### Required action
Print each line exactly, from the one with "Vintage End Table" to the very last line of the listing, and keep the pictures out.

--- Exercise data Enclosed Below ---

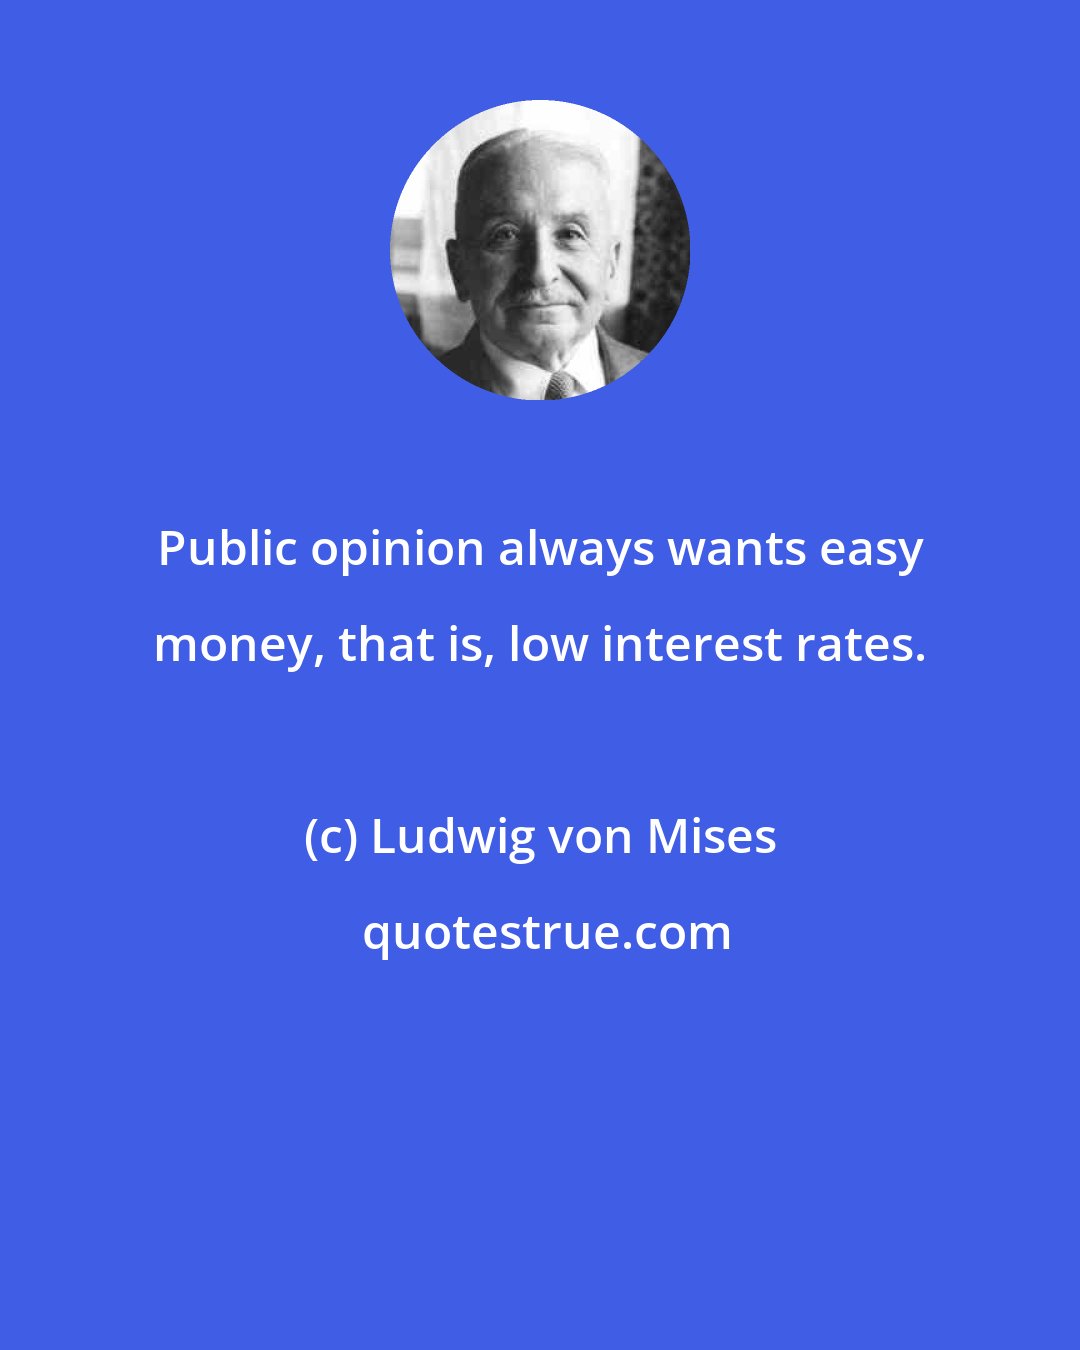 Ludwig von Mises: Public opinion always wants easy money, that is, low interest rates.
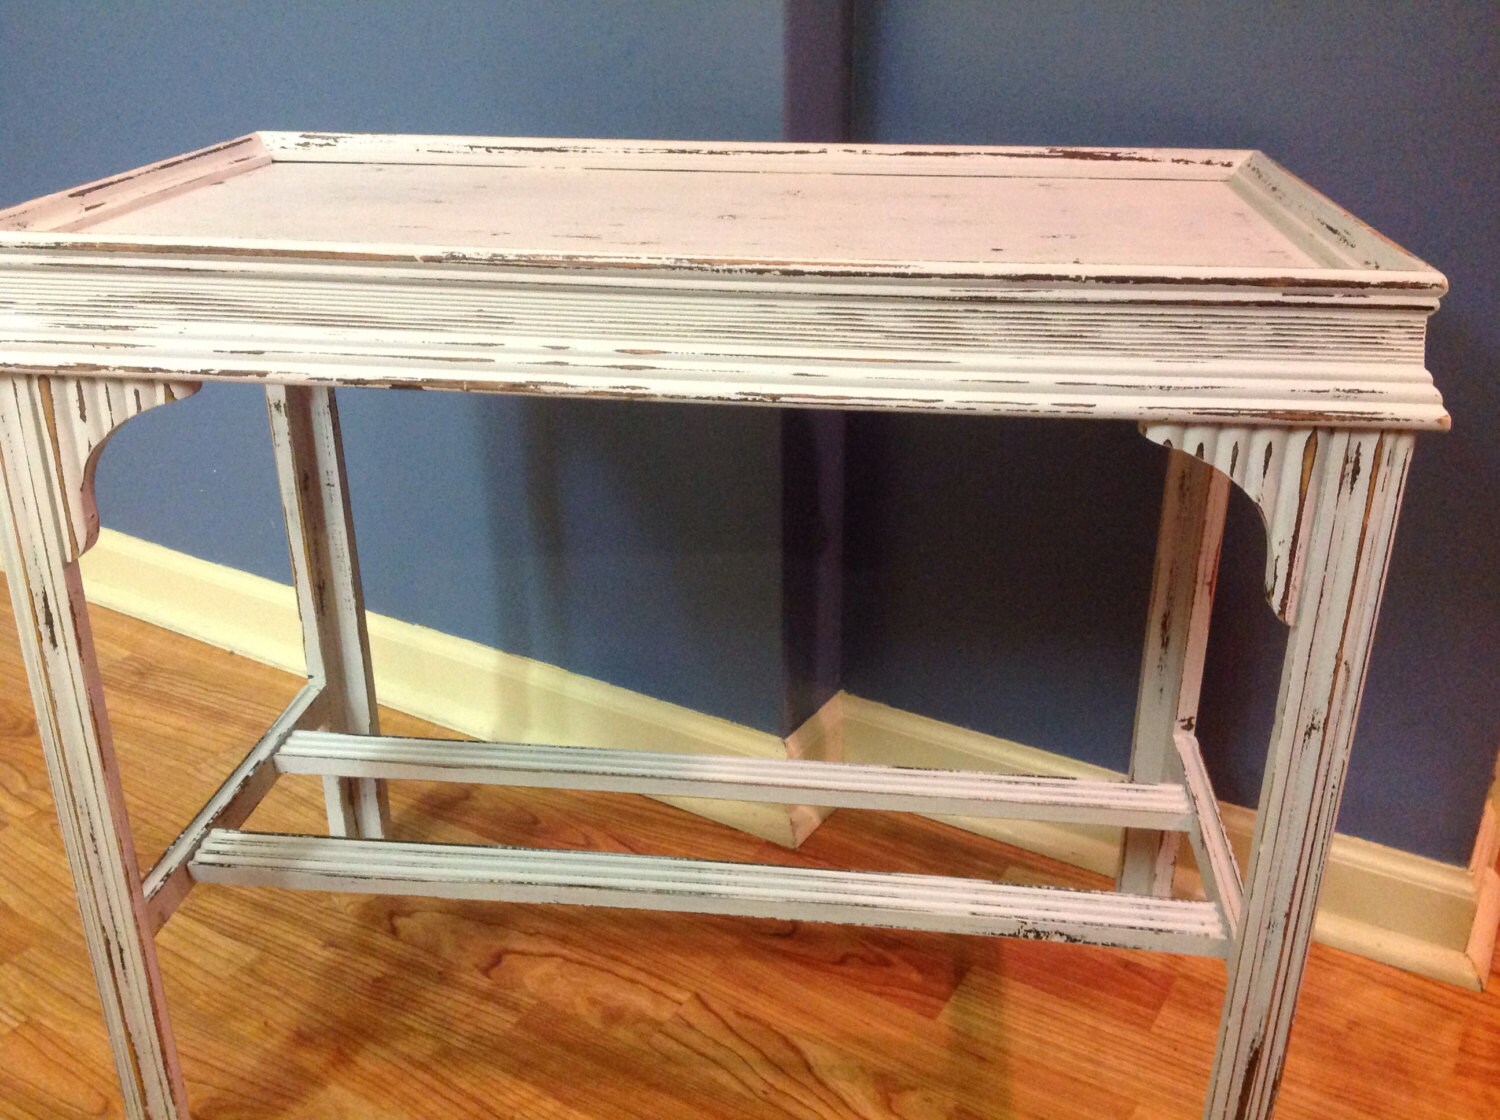 Vintage End Table Coffee Table Upcycled a Very Light Blue
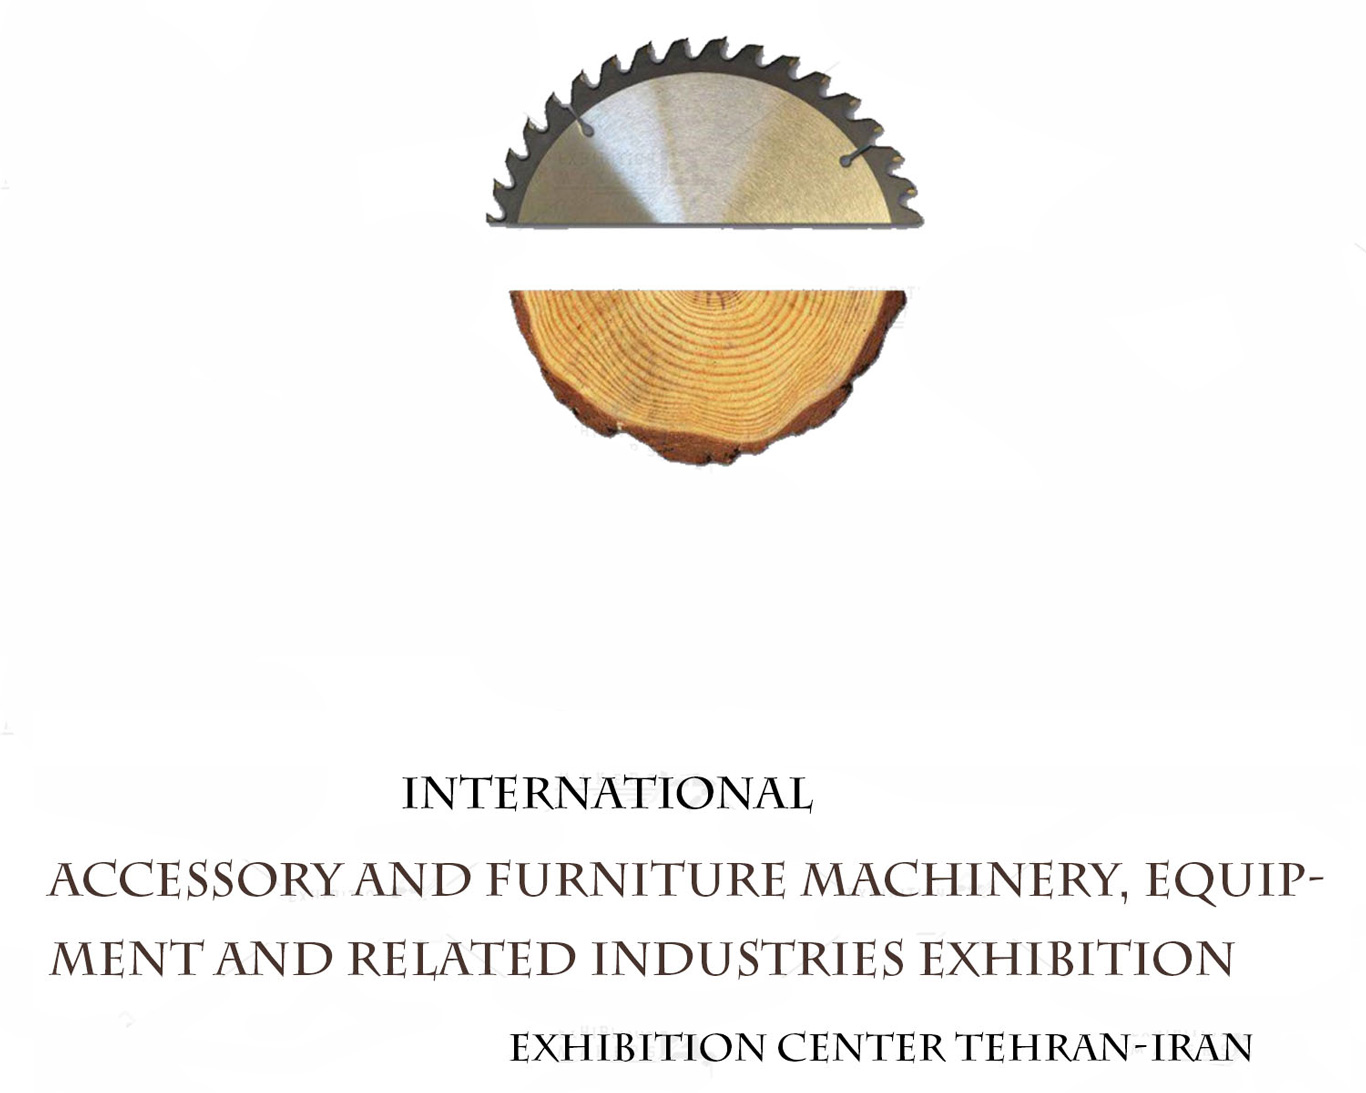 The 20th International Exhibition of Accessories, Machinery & Wood, Equipment and Related Industries

--- End of Enclosed Exercise data ---

### Response to this task
 Vintage End Table Coffee Table Upcycled a Very Light Blue
 The 20th International Exhibition of Accessories, Machinery & Wood, Equipment and Related Industries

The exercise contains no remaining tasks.